I haven’t looked into this McAfee product, but I see their interest as a validation that this marketspace will continue to develop.
What is your selection criteria for corporate antivirus?
I was really impressed by the the RFP George Washington University put together for their Encryption project. It was made available at the SANS Desktop and Storage Encryption Summit that I attended a few months back.
I decided to sit down and try to hammer out a list of requirements for some upcoming projects. I’ would like to replace the corporate antivirus that we currently use on our desktops and servers. I’ve been kind of impressed with what McAfee has done. Many companies left them for Symantec at the turn of the millenium. McAfee was too difficult to update, and had a reputation for bogging the systems down. Now McAfee has a reputation for being easy to manage through ePolicy Orchestrator and many companies have tired of Symantec’s lack of support, virus definition corruption problems and confusing update structure.
Certainly reputation is important. Experiences from someone you trust can go a lot further thna a 30 day eval in a lab. The problem is that the people I know using McAfee have really drunk the koolaid. They’re like a Mac user. They can only bash the competition, they apparently have nothing but postitive experiences to report. It makes me question whether they can be trusted to provide a true evaluation of McAfee.

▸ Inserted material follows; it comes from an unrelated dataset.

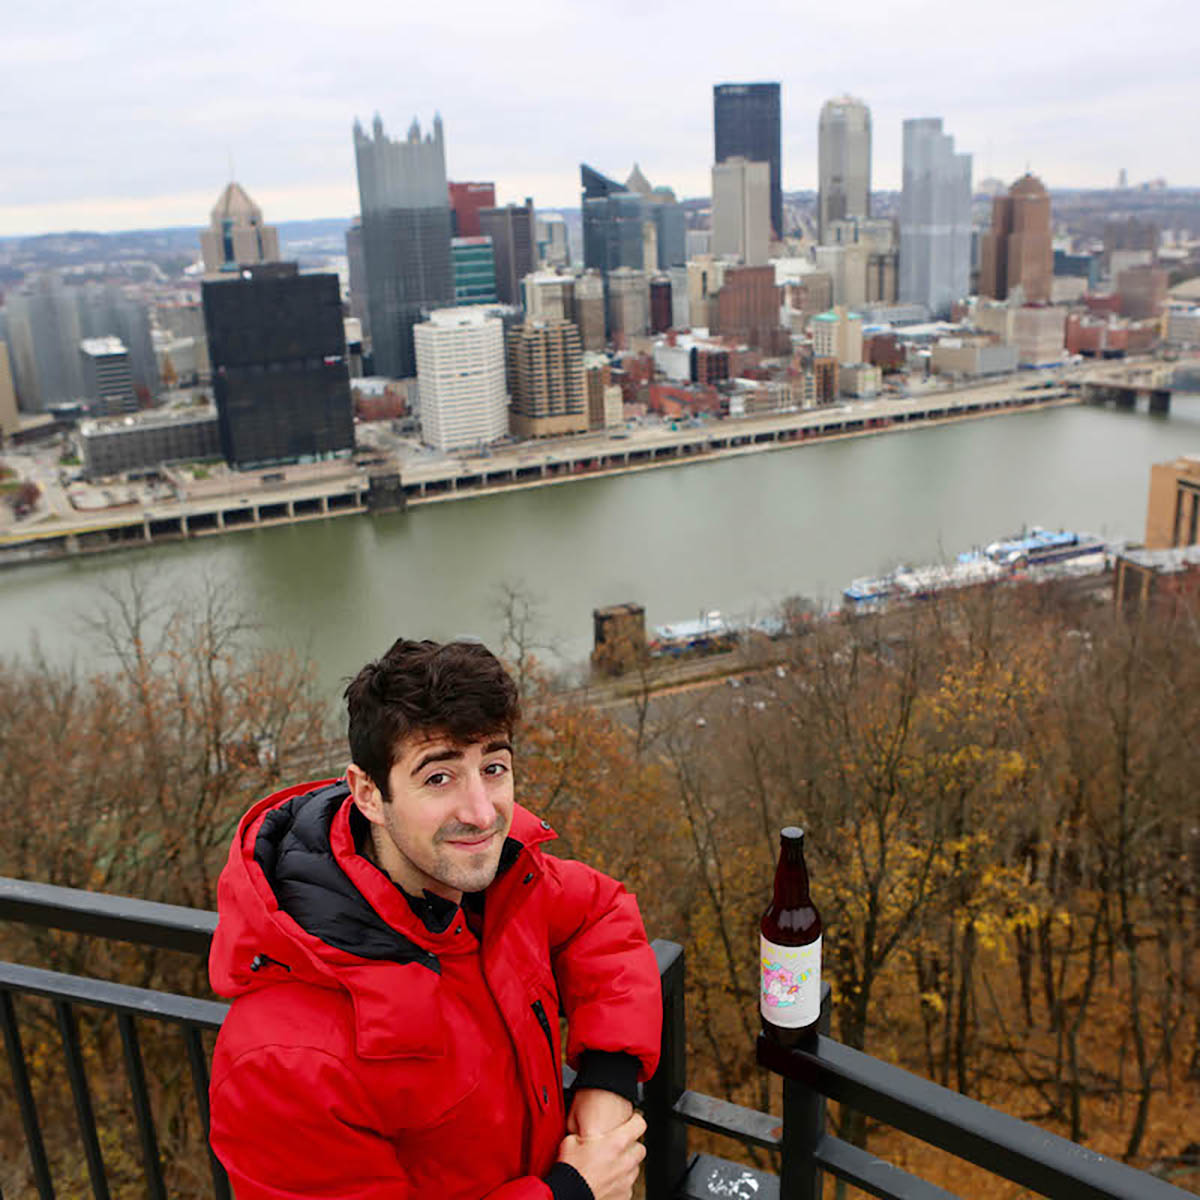 Photo of a young man in a red jacket posing with a beer bottle in front of the Pittsburgh skyline

Actually detecting and cleaning is important. But how to select which vendor is good at it? I read an interesting NIST article on that from 1996. Rather than evaluating vendors on the basis of some virus zoo, I think a better evaluation is to 1) measure their response time when a new varient comes out, and 2) measure how they perform when signatures aren’t available and all that is left is heuristics and behavior profiling.
The ability to control which PUPs (potentially unwanted programs) are detected and what occurs. I am sick of getting alerts about Netcat. I don’t have a problem with it being in my environment. But because Symantec made an error in the version I’m running, I can’t completely exclude it from detection.
It is just so easy to make the evaluation points all of the things you hate about the current product, rather than brainstorming a full list of requirements.
Currently we have a lot of systems having issues with corrupt virus definitions. Gartner reports that McAfee has the same problems. How do I know if that’s a real issue. Is it better or worse than my Symantec problems.